The Notes will be offered only to persons reasonably believed to be qualified institutional buyers pursuant to Rule 144A under the Securities Act of 1933, as amended (the “Securities Act”). The offer and sale of the Notes and any shares of Class A common stock of Affirm issuable upon conversion of the Notes, if any, have not been, and will not be, registered under the Securities Act or the securities laws of any other jurisdiction, and unless so registered, the Notes and such shares, if any, may not be offered or sold in the United States except pursuant to an applicable exemption from such registration requirements.

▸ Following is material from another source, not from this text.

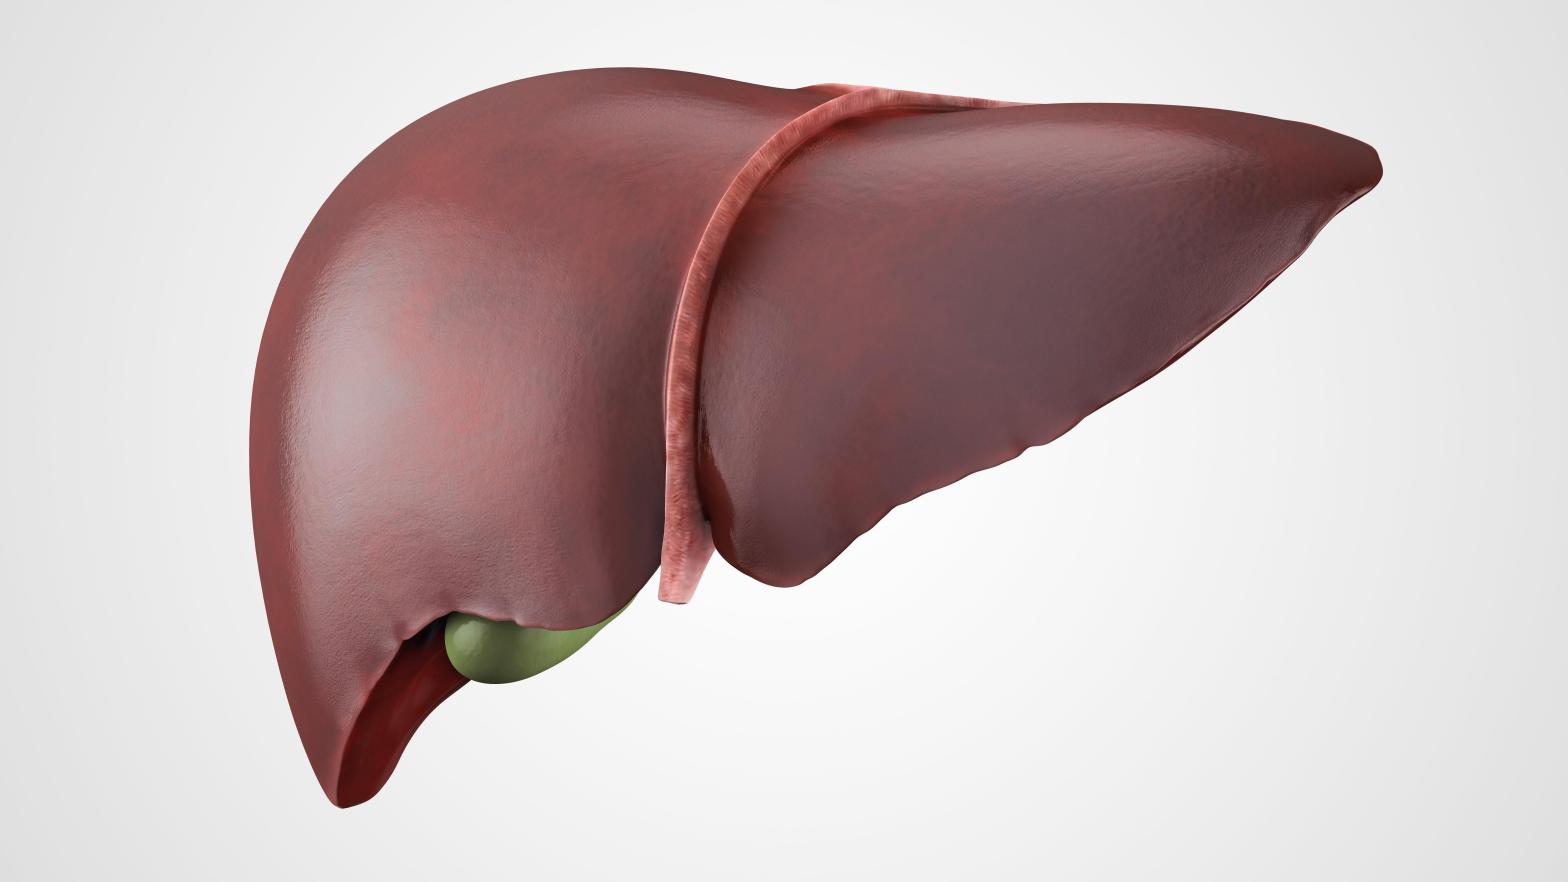 A realistic anatomical model of healthy human liver with gallbladder isolated. (Image: Shutterstock, Shutterstock)

This press release does not constitute an offer to sell or a solicitation of an offer to buy, nor shall there be any offer or sale of, the Notes (or any shares of Class A common stock of Affirm issuable upon conversion of the Notes) in any state or jurisdiction in which the offer, solicitation, or sale would be unlawful prior to the registration or qualification thereof under the securities laws of any such state or jurisdiction.

Cautionary Note About Forward-Looking Statements

This press release contains forward-looking statements within the meaning of Section 27A of the Securities Act of 1933, as amended (the “Securities Act”), and Section 21E of the Securities Exchange Act of 1934, as amended, that involve risks and uncertainties. All statements other than statements of historical fact contained in this report, including statements regarding the Company’s future results of operations and financial condition, business strategy, and plans and objectives of management for future operations, are forward-looking statements. In some cases, forward-looking statements may be identified by words such as “anticipate,” “believe,” “continue,” “could,” “design,” “estimate,” “expect,” “intend,” “may,” “plan,” “potentially,” “predict,” “project,” “should,” “will,” “would,” or the negative of these terms or other similar expressions. These forward-looking statements include, but are not limited to, statements concerning: the potential offering, including its size, timing and conditionality, the successful completion of this Offering; and the Company’s expected use of proceeds from this Offering.

Forward-looking statements are based on management’s beliefs and assumptions and on information currently available. These forward-looking statements are subject to a number of known and unknown risks, uncertainties and assumptions, including risks described under “Risk Factors” in the offering memorandum for the Offering, the Company’s Annual Report on Form 10-K for the fiscal year ended June 30, 2021 and the Company’s Quarterly Report on Form 10-Q for the fiscal quarter ended September 30, 2021. Except as required by law, the Company undertakes no obligation to update publicly any forward-looking statements for any reason after the date of this press release or to conform these statements to actual results or to changes in our expectations.